By Friday evening she’d had enough of work and unpacking. As dusk darkened the sky, Cassie took a glass of red wine upstairs to the balcony off her bedroom. It faced the street, but there wasn’t any traffic. No smell of hot blacktop and exhaust from busy Orlando roads, no bumper-to-bumper commutes out to the suburbs. Here in Boneyard Key, the sound of the ocean meeting the shore was a calming, rolling sound, punctuated by the early-evening breeze ruffling the Spanish moss that hung from the live oaks that lined the quiet downtown street.

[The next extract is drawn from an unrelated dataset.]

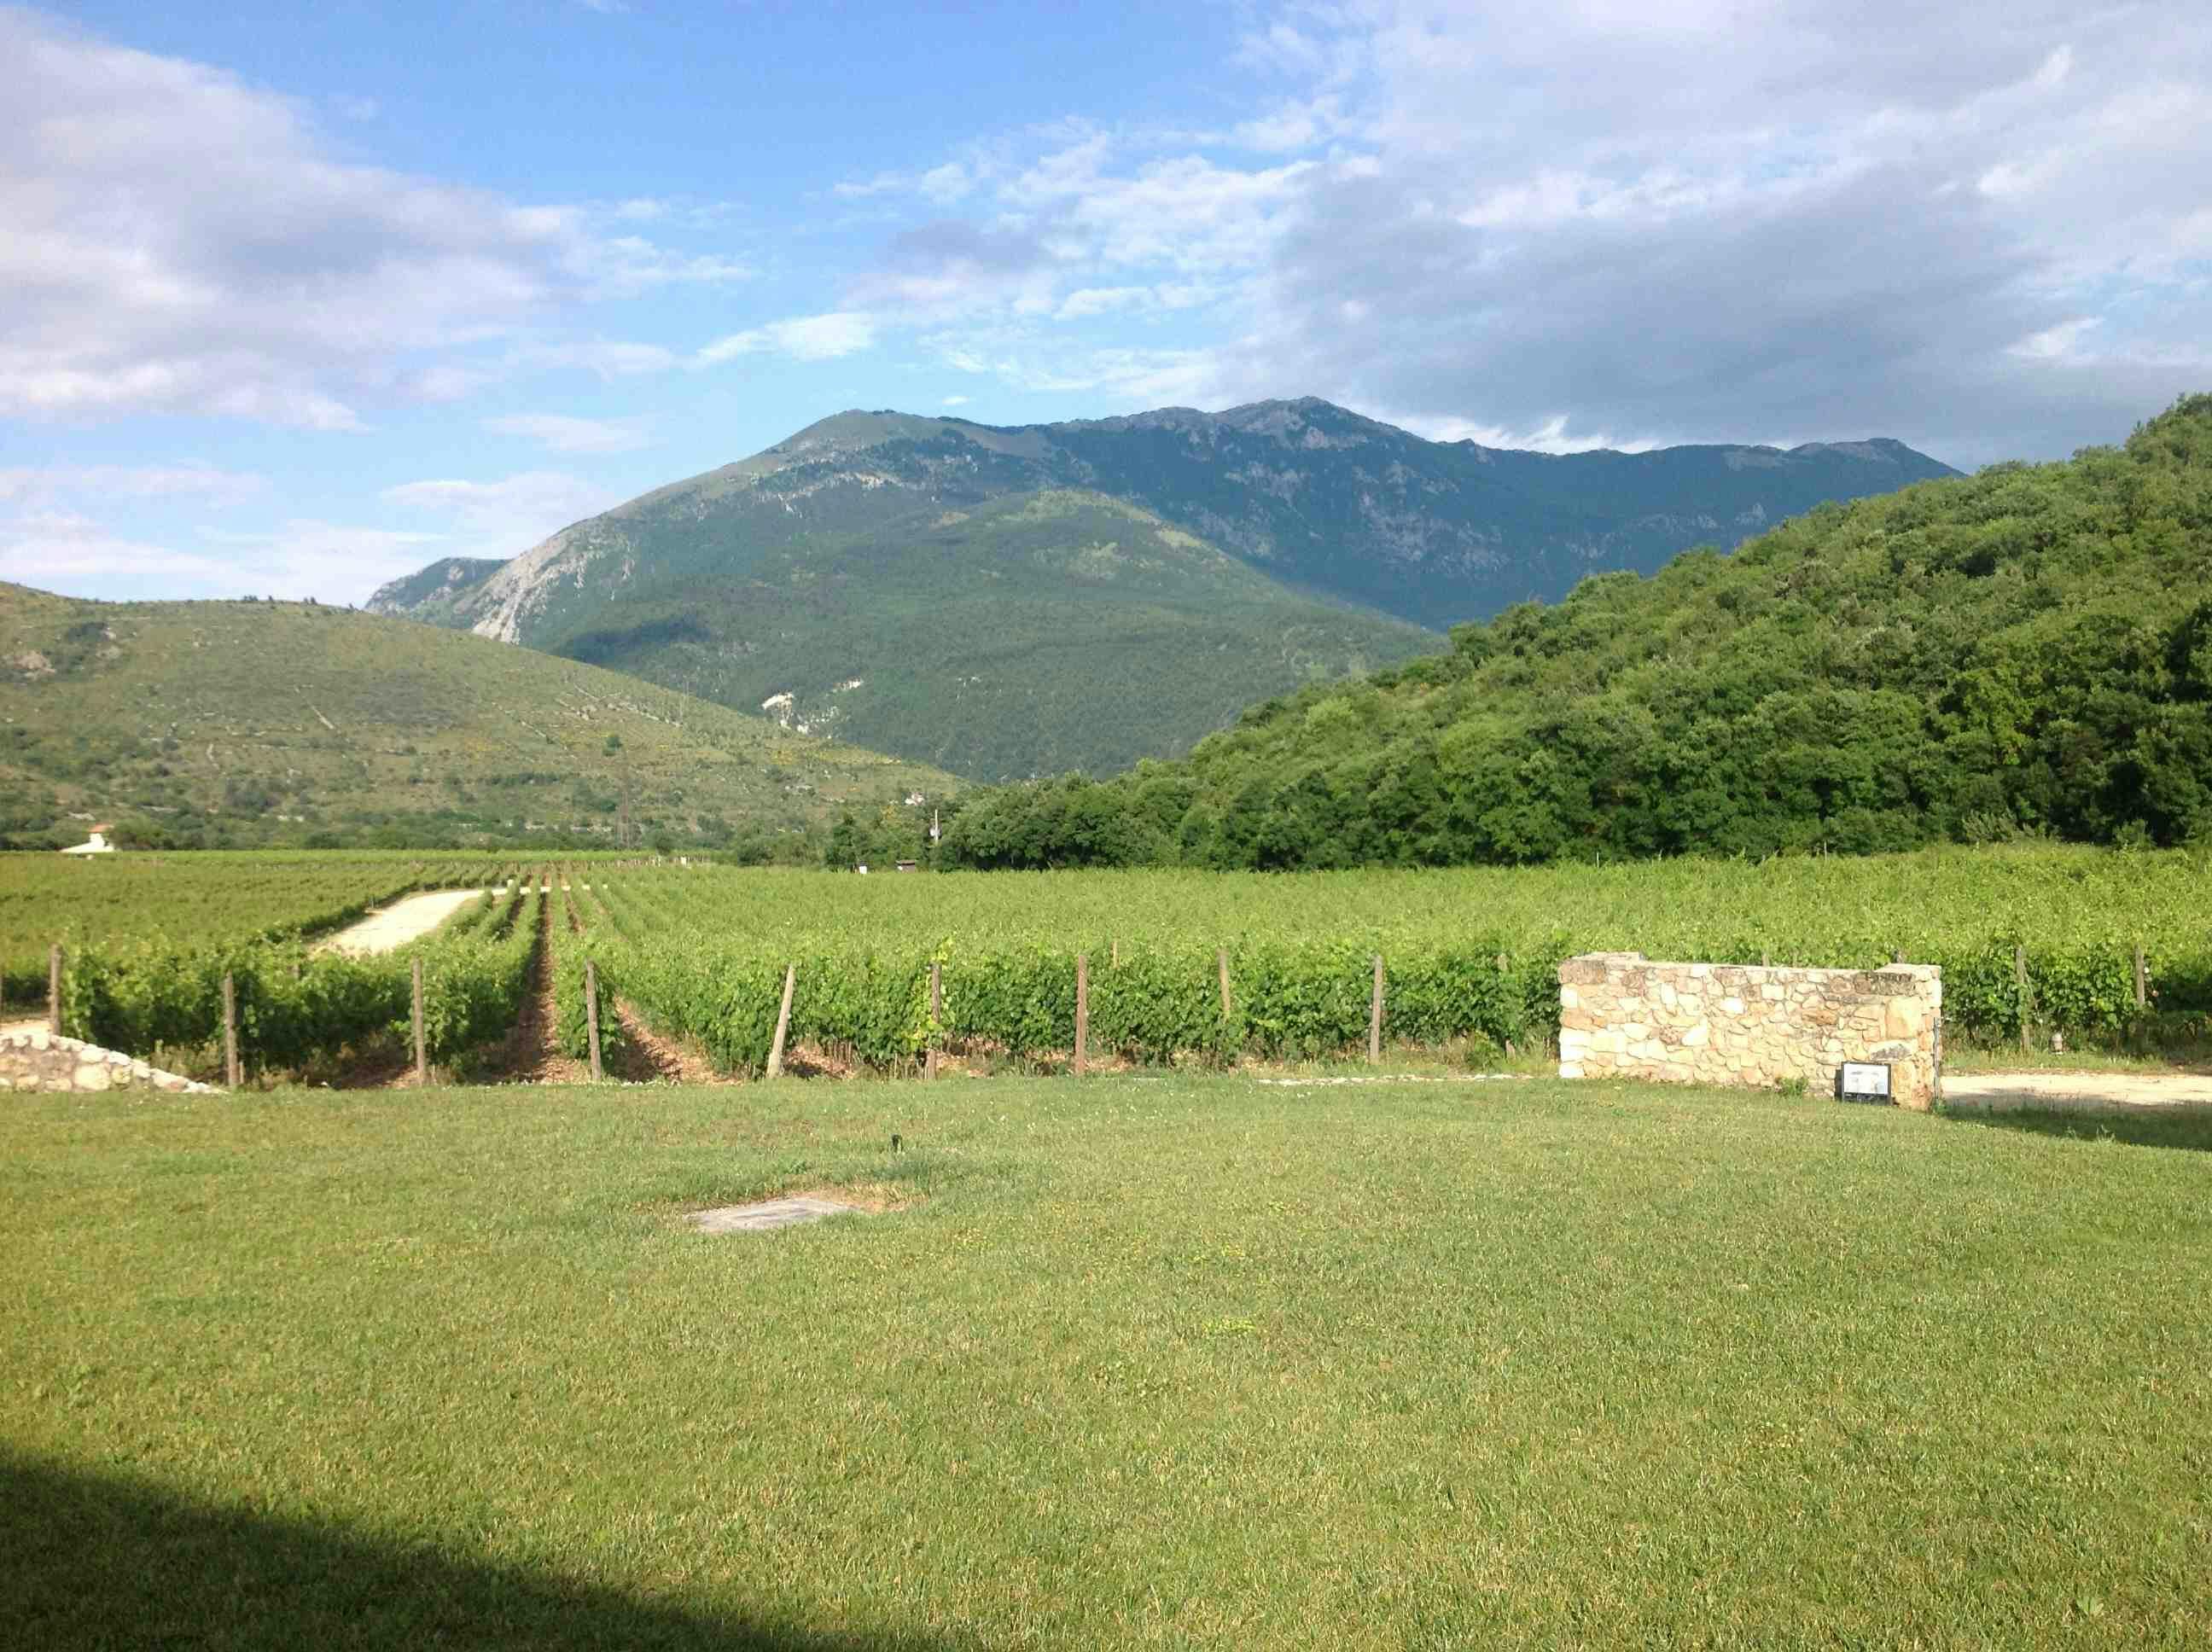 Kvalitetsvin från Abruzzo som inte kostar – Valle Reale
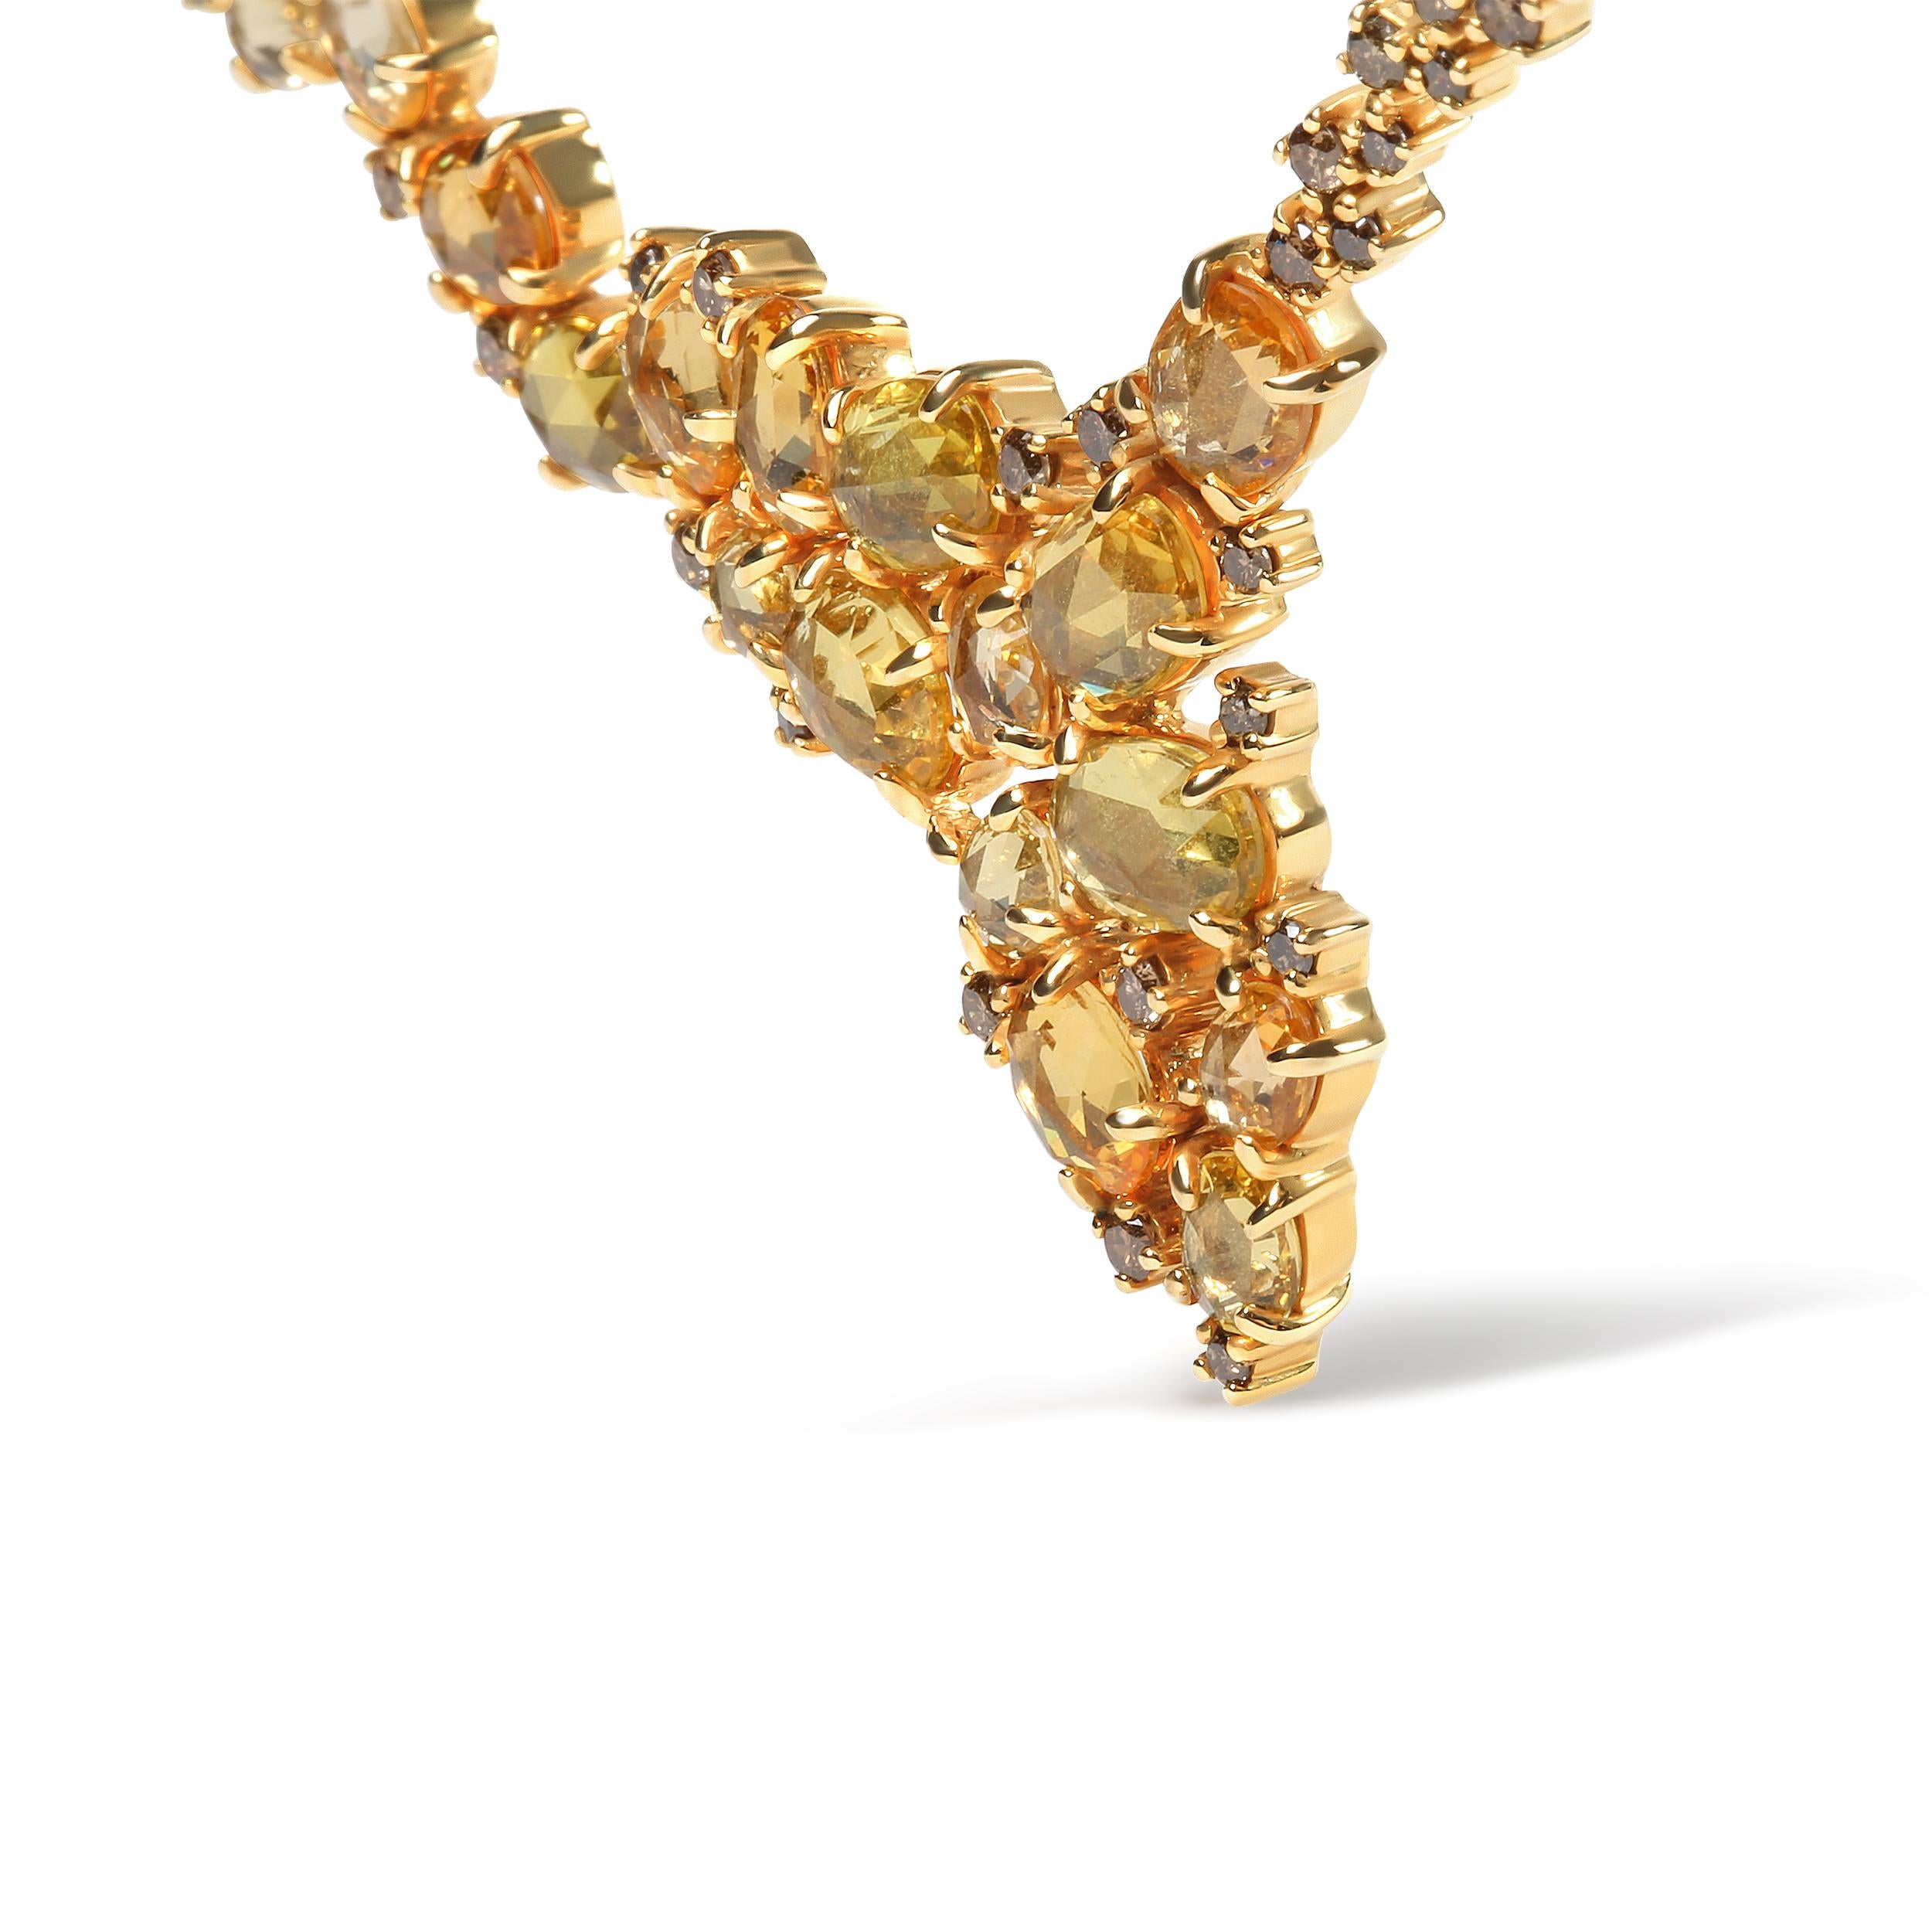 Diese Halskette aus 18-karätigem Gelbgold ist sowohl für den Tag als auch für die Nacht geeignet und wird durch das Funkeln natürlicher Edelsteine und Diamanten in einem kaskadenartigen Wasserfalldesign erhellt. Eine verstreute Anordnung natürlicher

That breeze did nothing to cool things off. Cassie plucked at her shirt, unsticking it from her back, where a film of sweat had already coated her skin. Florida was damp, no way around that. She took a good deep breath—this close to the ocean, it was mostly a lungful of salt air and humidity.

Had she made a mistake, buying this badly flipped house on the other side of the state? She’d made the decision in a weak moment. Several weak moments, in fact. One too many “big announcements” in the group text, followed by a photo of an engagement ring or one of those sonograms that was supposedly of a baby but just looked like a grainy potato.

Cassie never had any big announcements to share. Perpetually single and not pregnant, those texts, with the strings of squees and “welcome to the club” responses, just made Cassie feel more and more like she wasn’t in the same club as her friends. Like all of her friends had moved on to a different one, and she was all alone.

Then her landlord had decided to sell her house. The market was crazy, he wanted to sell, and he’d dropped that bomb on her right when it was time to renew her lease. The news sparked a homebuying frenzy of her own; she put down offer after offer on houses, biting her nails while interest rates soared and fell like a roller coaster. One by one, her offers were rejected in favor of real estate investors with seemingly bottomless pockets.

The culmination of those weak moments, where she felt like she was being pushed not only out of her friend group but out of her cute College Park bungalow, was when she’d widened her house search from the Orlando area. Sure, her mom had complained; she was used to her only child living practically in her backyard. But Cassie was ready for a change, and there was nothing really keeping her there. Her copywriting job at a big advertising firm had been remote for a while now, since the first lockdown. She’d proven that she could work anywhere, so it stood to reason that she could also live anywhere. Maybe it was all a sign. She needed a new start.

When a quaint, recently renovated beachside cottage came on the market, she’d jumped on it almost automatically. She hadn’t expected to get it. It was a pattern by now: see a house, fall in love. Offer, get rejected. Mourn, then move on to the next. When her real estate agent had called to tell her she’d gotten the house, Cassie had barely believed it. Suddenly she was in uncharted waters, under contract on a house she’d only seen on a video walk-through.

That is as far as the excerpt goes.